Help me set up OpenAI Speech. I don't have an API key yet.
Guide me through setting up Google Cloud Speech.
Help me set up Amazon Polly with my AWS credentials.
Say 'Hello world' using Windows Speech.

Windows SAPI works offline with zero configuration — the quickest way to get started.

Settings are stored in ~/Documents/PowerShell/Modules/Speech/SpeechConfig.json. API keys are masked when displayed.

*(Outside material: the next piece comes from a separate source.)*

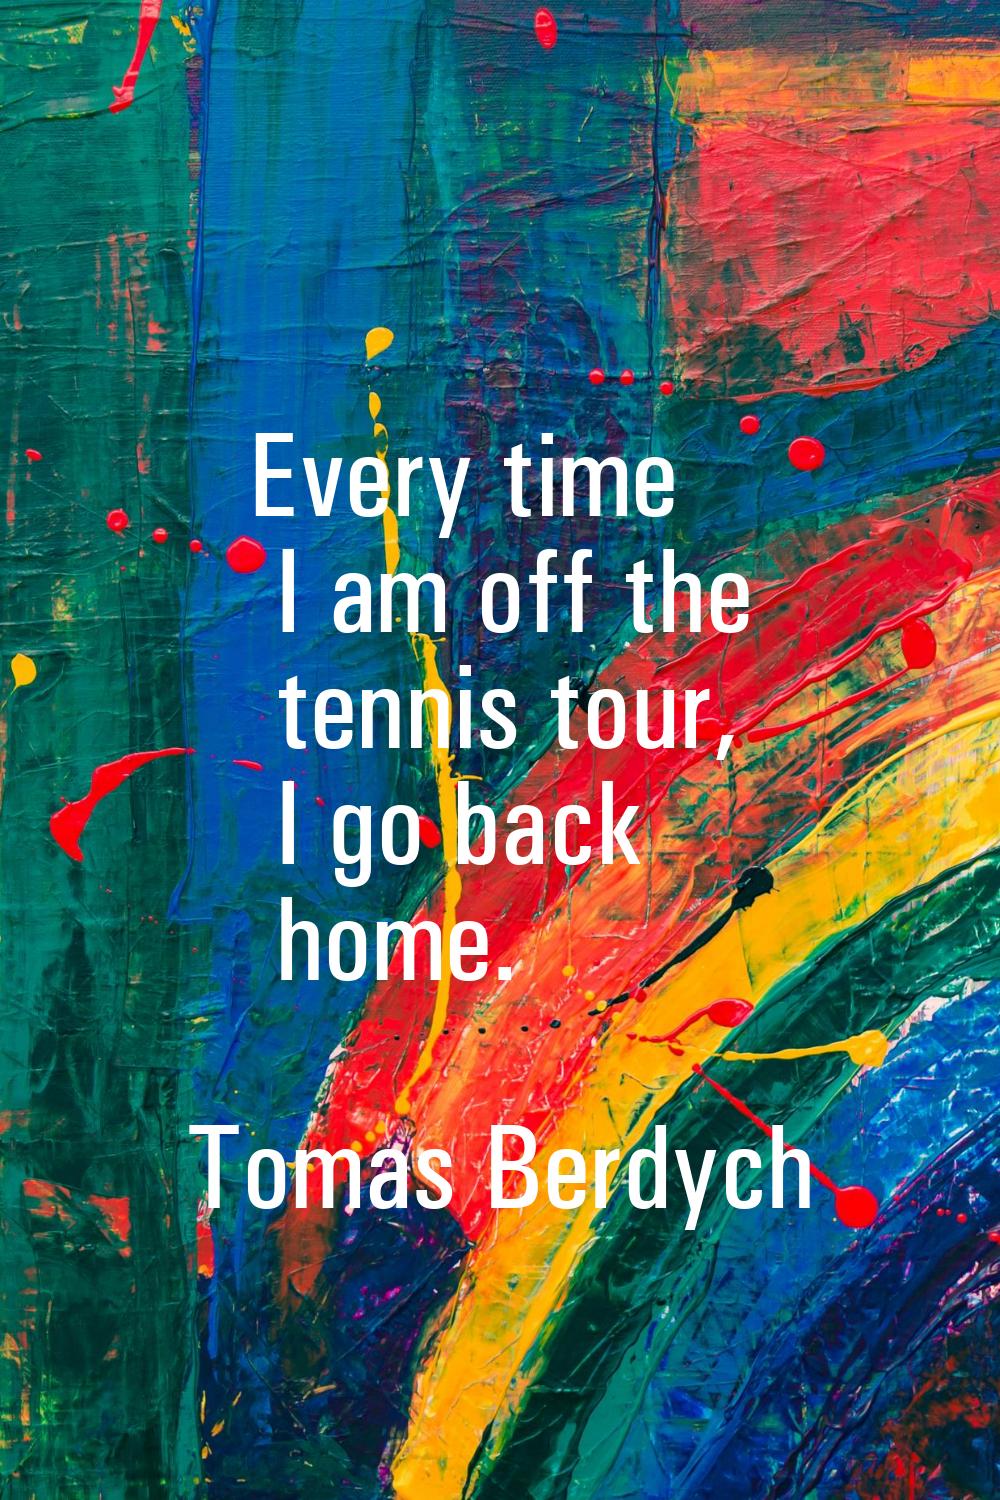 Every time I am off the tennis tour, I go back home.

Get-SpeechConfig          # View all settings
Get-SpeechConfig -Path    # Get config file path
Provider setup

Azure Speech Services

# Get key: Azure Portal > Create "Speech" resource > Keys and Endpoint
# Free tier (F0): 0.5M chars TTS + 5h STT / month
Set-AzureSpeechConfig -Key "your-key" -Region "eastus"
Get-AzureSpeech -Locale ja
Set-AzureSpeechConfig -Voice "ja-JP-NanamiNeural"

OpenAI

# Get key: https://platform.openai.com/api-keys
Set-OpenAISpeechConfig -Key "sk-..."
Set-OpenAISpeechConfig -Voice nova -Model tts-1

Google Cloud

# Get credential: Google Cloud Console > IAM > Service Accounts > Create key (JSON)
Set-GoogleSpeechConfig -Credential "C:\path\to\service-account.json"
Get-GoogleSpeech -Language ja-JP
Set-GoogleSpeechConfig -Voice "ja-JP-Neural2-B"

Amazon Polly / Transcribe

# Get credentials: AWS Console > IAM > Users > Create access key
# Free tier: 5M chars TTS + 60 min STT / month (first 12 months)
Set-AmazonSpeechConfig -AccessKey "AKIA..." -SecretKey "..." -Region "ap-northeast-1"
Get-AmazonSpeech -Language ja-JP
Set-AmazonSpeechConfig -Voice "Mizuki"

Windows

# No API key needed. Add voices: Settings > Time & language > Speech
Get-WindowsSpeech
Set-WindowsSpeechConfig -Voice "Microsoft Haruka Desktop"
Common options

All Out-*Speech cmdlets accept pipeline input and share these patterns:

# Pipeline
"Line 1", "Line 2" | Out-AzureSpeech

# Output device selection (Tab completion available)
Out-AzureSpeech "Hello" -OutputDevice "Speakers (Realtek)"
Set-SpeechConfig -OutputDevice "Speakers (Realtek)"   # persist

# Microphone selection
Read-AzureSpeech -Microphone "Headset Microphone"
Set-SpeechConfig -Microphone "Headset Microphone"     # persist

# Parameter > config priority for all settings
Out-AzureSpeech "Hello" -Key "temp-key" -Region "westus"  # one-time override

AI Voice Conversation

With PowerShell.MCP configured, AI can speak and listen through your speakers and microphone:

Let's have a voice conversation in English.
When I type 't', start listening and respond by voice.
Find me a good English voice and play a sample.

Compatible MCP Clients

Any MCP-compatible client that supports PowerShell.MCP can use Speech modules:

Cmdlet Reference

Each provider has 4 cmdlets following a consistent pattern:

Verb Purpose Example
Out-*Speech Text-to-speech Out-AzureSpeech "Hello"
Read-*Speech Speech-to-text $text = Read-AzureSpeech
Get-*Speech List voices Get-AzureSpeech -Locale ja
Set-*SpeechConfig Configure provider Set-AzureSpeechConfig -Voice "..."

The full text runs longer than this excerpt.